Sejenak Buggy berhenti bekerja dan menarik nafas panjang.
Dia ingin segera menyelesaikan tugasnya secepat mungkin. Walaupun hari masih
siang, tapi dia tidak mau berlama-lama berada di bawah tanah seperti ini.
Soalnya dia sudah janji pada Maria untuk bertemu di perpustakaan kuno kota
Bravaga.
Beberapa waktu lalu, Maria dan Ryouta pergi menemui
Ganymedes untuk mengantarkan pesanan Automa di dalam pesawat penjelajah angkasa
itu. Ketika pulang, Maria langsung menceritakan semua yang dialaminya pada
Buggy, kemudian memintanya untuk membantu mencari semua buku-buku tua yang
berhubungan dengan sejarah perjalanan luar angkasa ras manusia.

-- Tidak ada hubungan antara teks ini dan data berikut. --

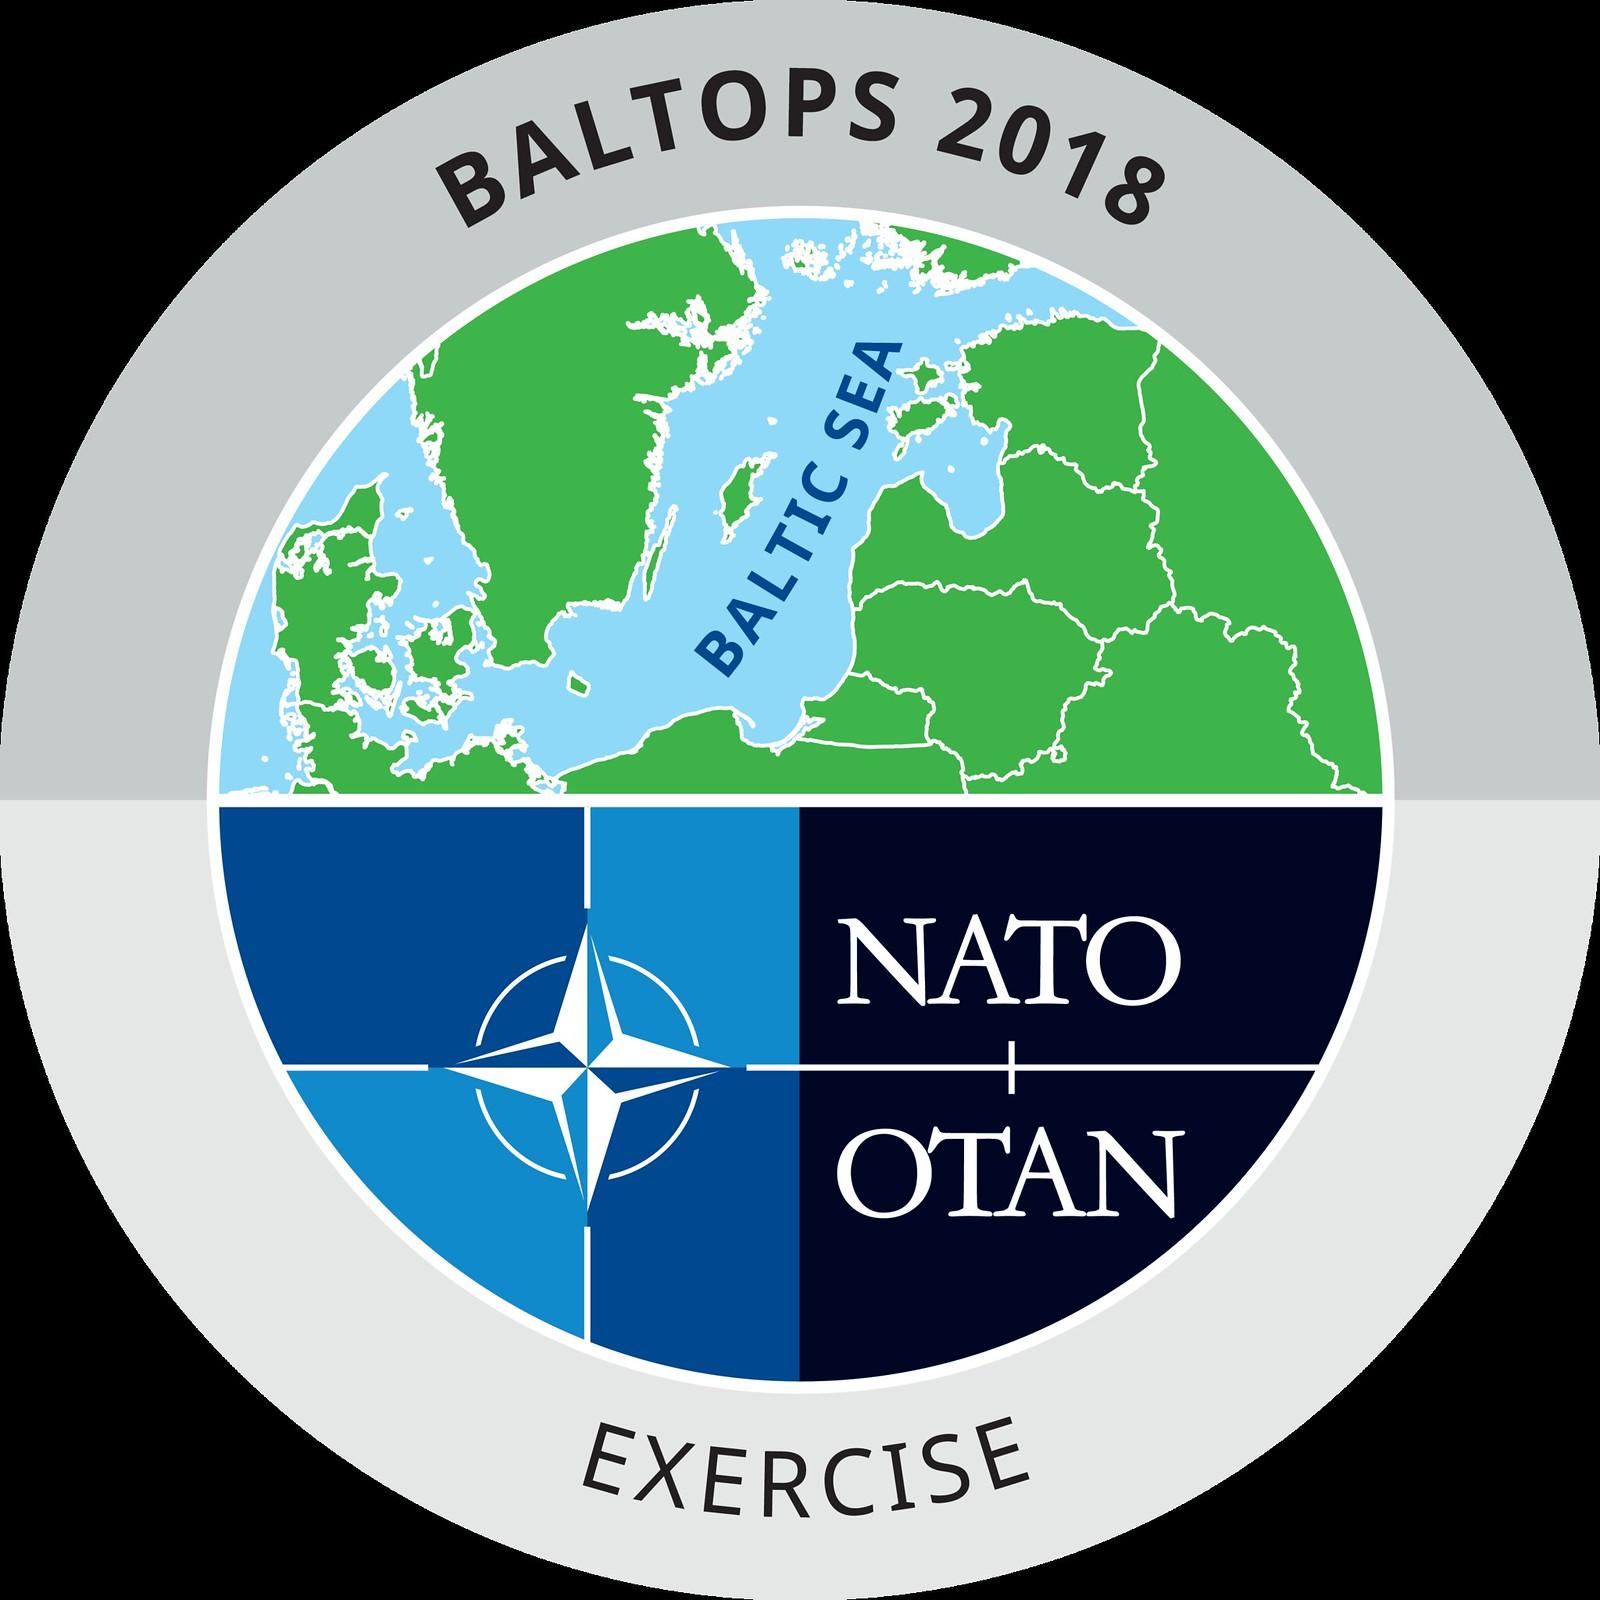 BALTOPS 2018 Official Logo

Tentu saja itu membuat Buggy jadi semakin bersemangat.
Sebenarnya sejak Maria menemukan perpustakaan kuno di salah satu sudut kota
Bravaga, dia jadi lebih kalem dan banyak menghabiskan hari-harinya bersama
Trisha sang penjaga perpustakaan. Sebenarnya memang bagus kalau gynoid itu
mulai berhenti membuat masalah, tapi diam-diam Buggy merindukan saat-saat
ketika dirinya dan Maria membuat onar bersama-sama. Meskipun tahu tindakan
mereka itu tidak baik, Buggy menyukai sensasi mendebarkan yang membuat
generator tubuhnya berdentum-dentum penuh semangat.
Ah, ayo kerja biar cepat selesai dan cepat main! Seru Buggy dalam hati.
Dia lalu bergegas menyelesaikan pekerjaannya secepat dan
secermat yang dia bisa. Kaki-kaki Buggy bergerak cepat selagi dia menyambungkan
serat demi serat kabel yang putus dengan ketepatan tinggi. Hanya butuh beberapa
menit baginya untuk menyelesaikan tugas itu.
“Nah, sekarang tinggal pergi ke sektor E-137, mengecek
pipa energi Sol di sana, terus pulang deh~!”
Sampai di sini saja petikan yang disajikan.